Goal of the exercise |
Give the lines again exactly as they appear below, from the line with "Bei Zinsbaustein können" to the line with "マシンガンバトル:ヘビーガンファイ...の再生済みの波形", both included, and only those lines. Leave every picture out.

Data to examine |
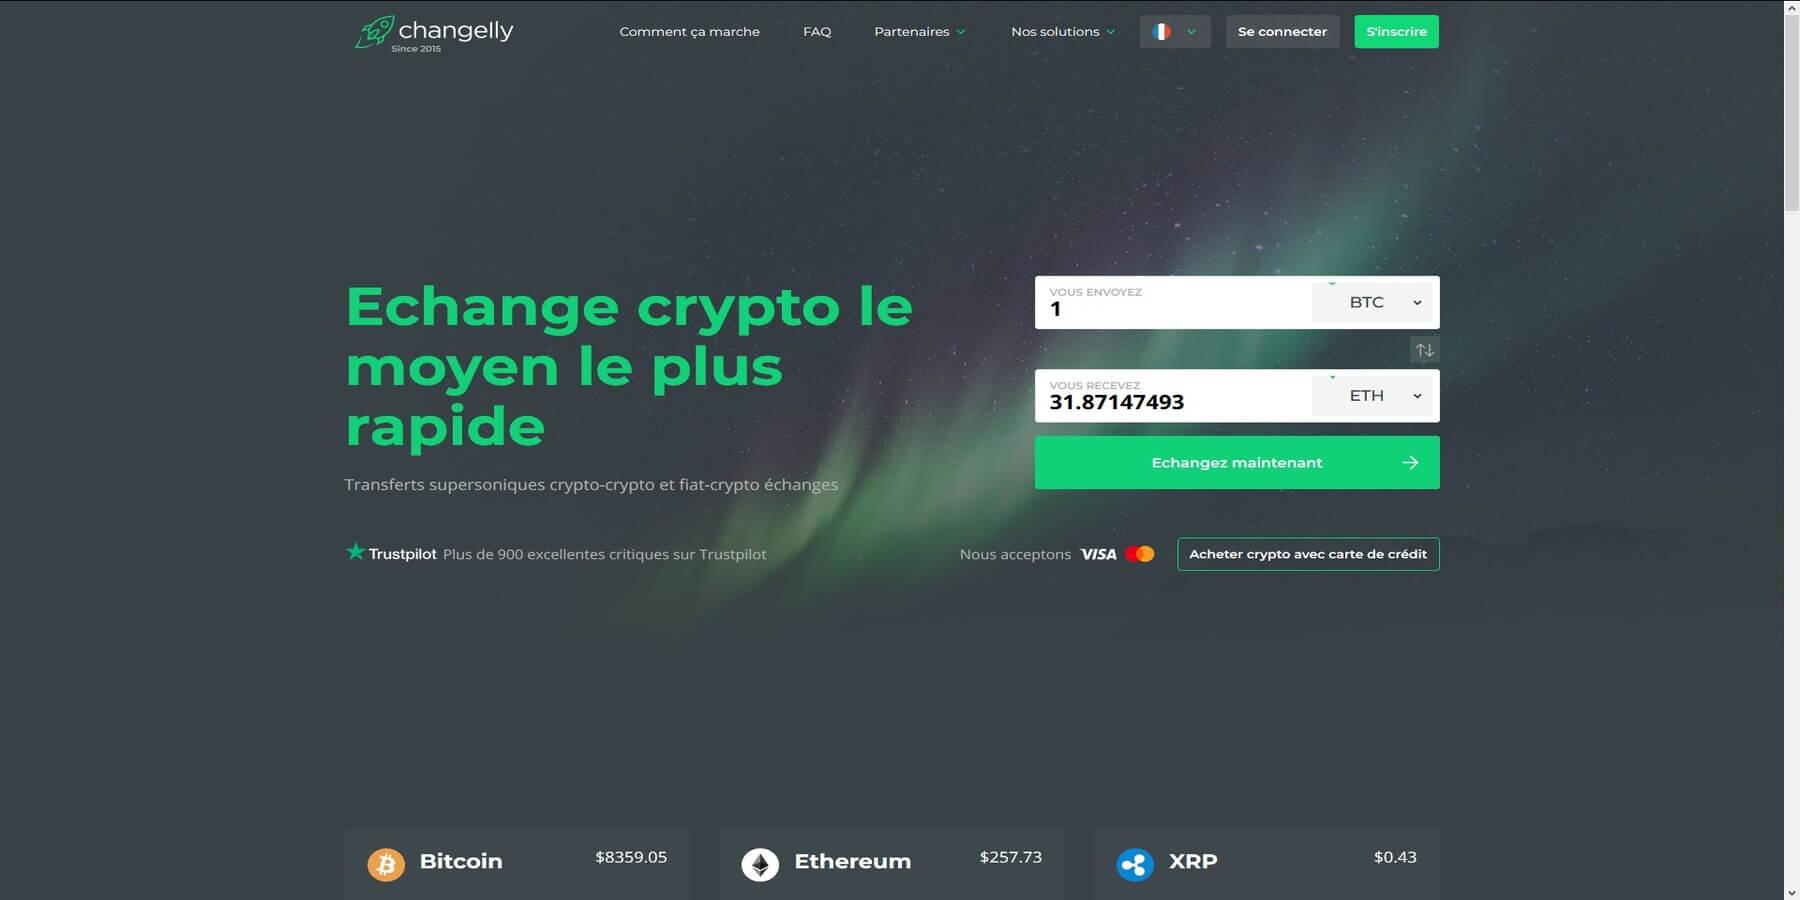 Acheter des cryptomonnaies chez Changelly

* * *

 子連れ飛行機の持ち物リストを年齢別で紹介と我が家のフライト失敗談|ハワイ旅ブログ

...

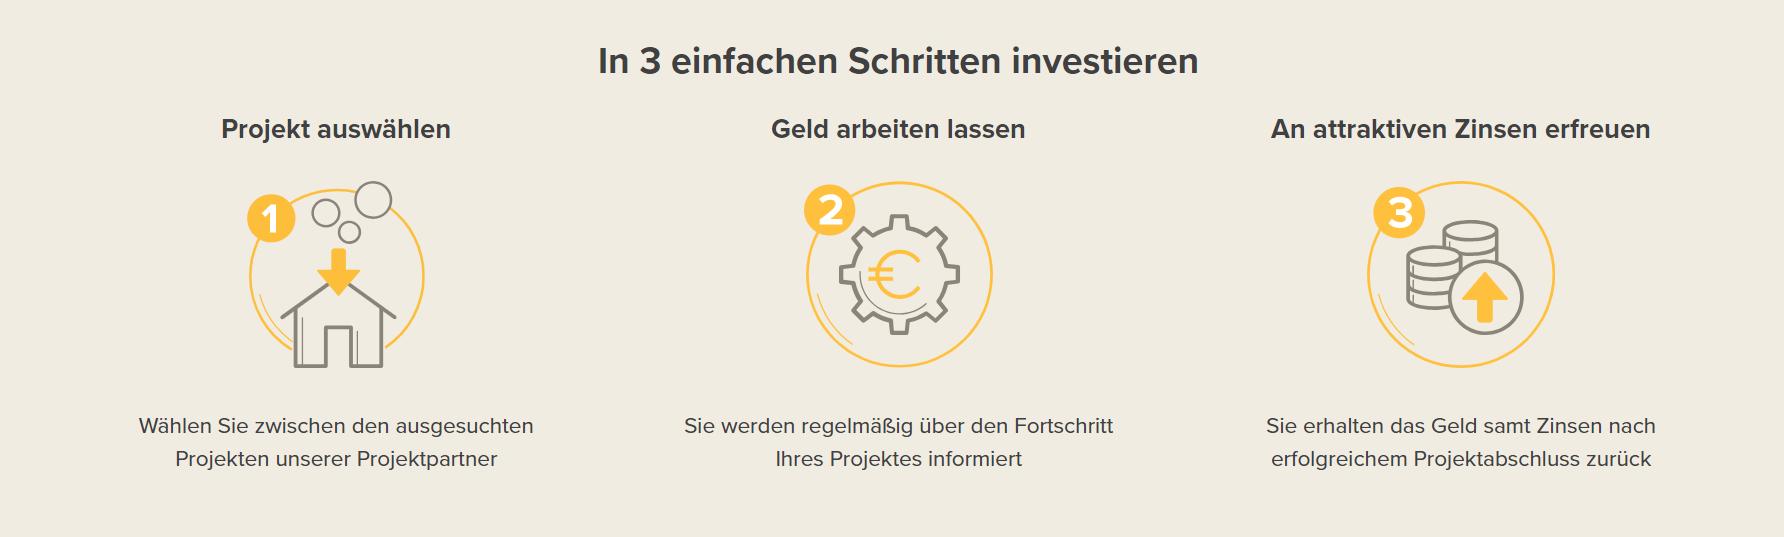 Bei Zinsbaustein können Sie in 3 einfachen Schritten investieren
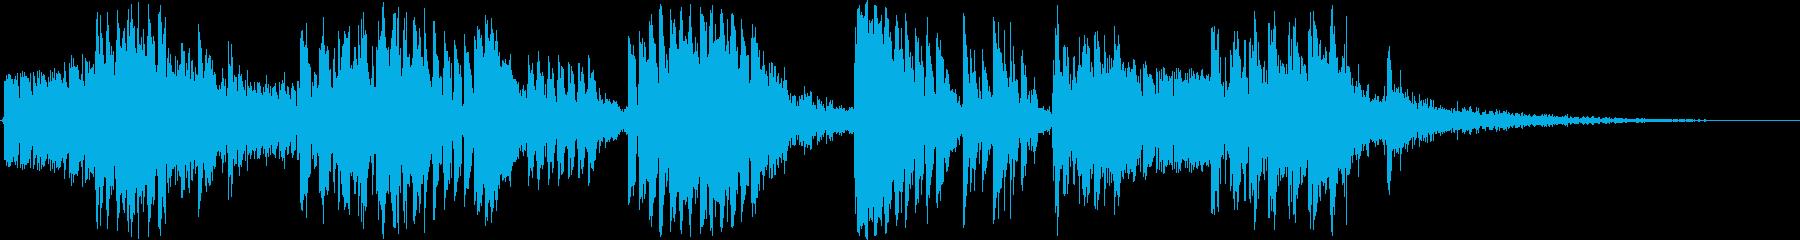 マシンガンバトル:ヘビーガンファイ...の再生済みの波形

The completed task |
 Bei Zinsbaustein können Sie in 3 einfachen Schritten investieren
 マシンガンバトル:ヘビーガンファイ...の再生済みの波形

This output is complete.